Kameruńczyk już w pierwszej minucie rzucił na deski Jeana Paula Mendy (29-0-1, 16 KO), ale gdy ten jeszcze klęczał, nieoczekiwanie "Skorpion" pociągnął jeszcze potwornym podbródkiem, nokautując ciężko bezbronnego Francuza. Doświadczony sędzia Joe Cortez nie miał żadnych wątpliwości i zdyskwalifikował Bikę. Tym samym półprzytomny Mendy został oficjalnym pretendentem federacji IBF kategorii super średniej.
Boks to nie MMA.
To wina sędziego, z reszto Cortez ostatnio popełnia gafy.

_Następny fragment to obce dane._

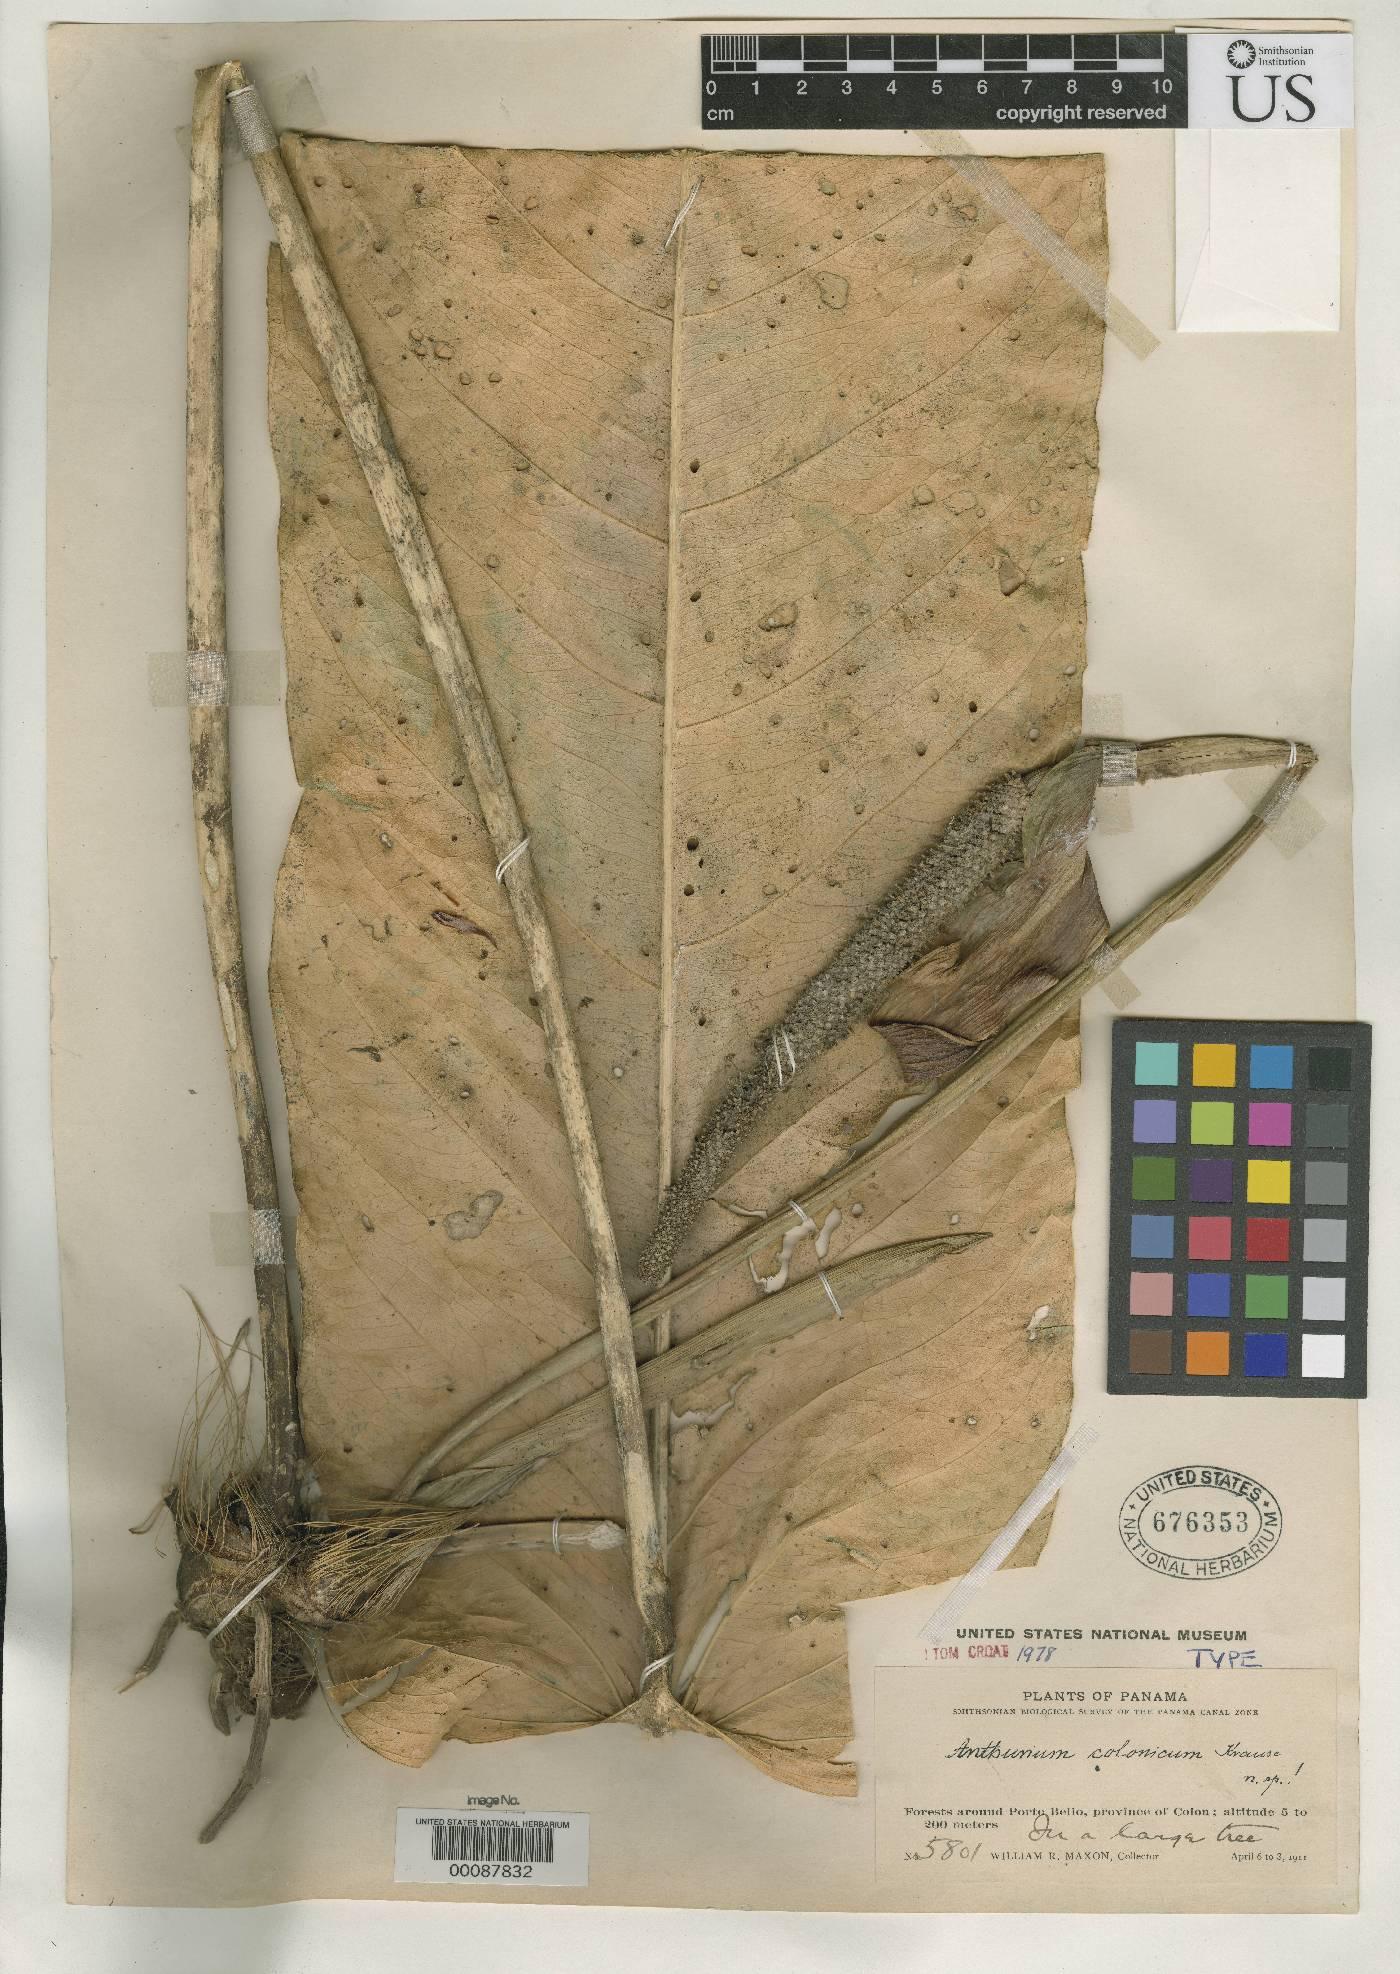 Anthurium colonicum image

O czym Ty mowisz?Jaka wina sedziego?
Nie ogladalem tej walki,ale chyba byla komenda stop/break,czyz nie?
A skoro zawodnik oddaje cios po komendzie break i przeciez widzi ze jest knock down-ze przeciwnik kleczy to o co Ci chodzi.
Sedzia przerwal walke,nastapil faul,wiec zdyskwalifikowal zawodnika.Zrobi wszystko to co do niego nalezalo.
Co wedlug Ciebie mial jeszcze zrobic?Mial sie tam miedzy nich rzucic jak Tomaszewski na Wembley?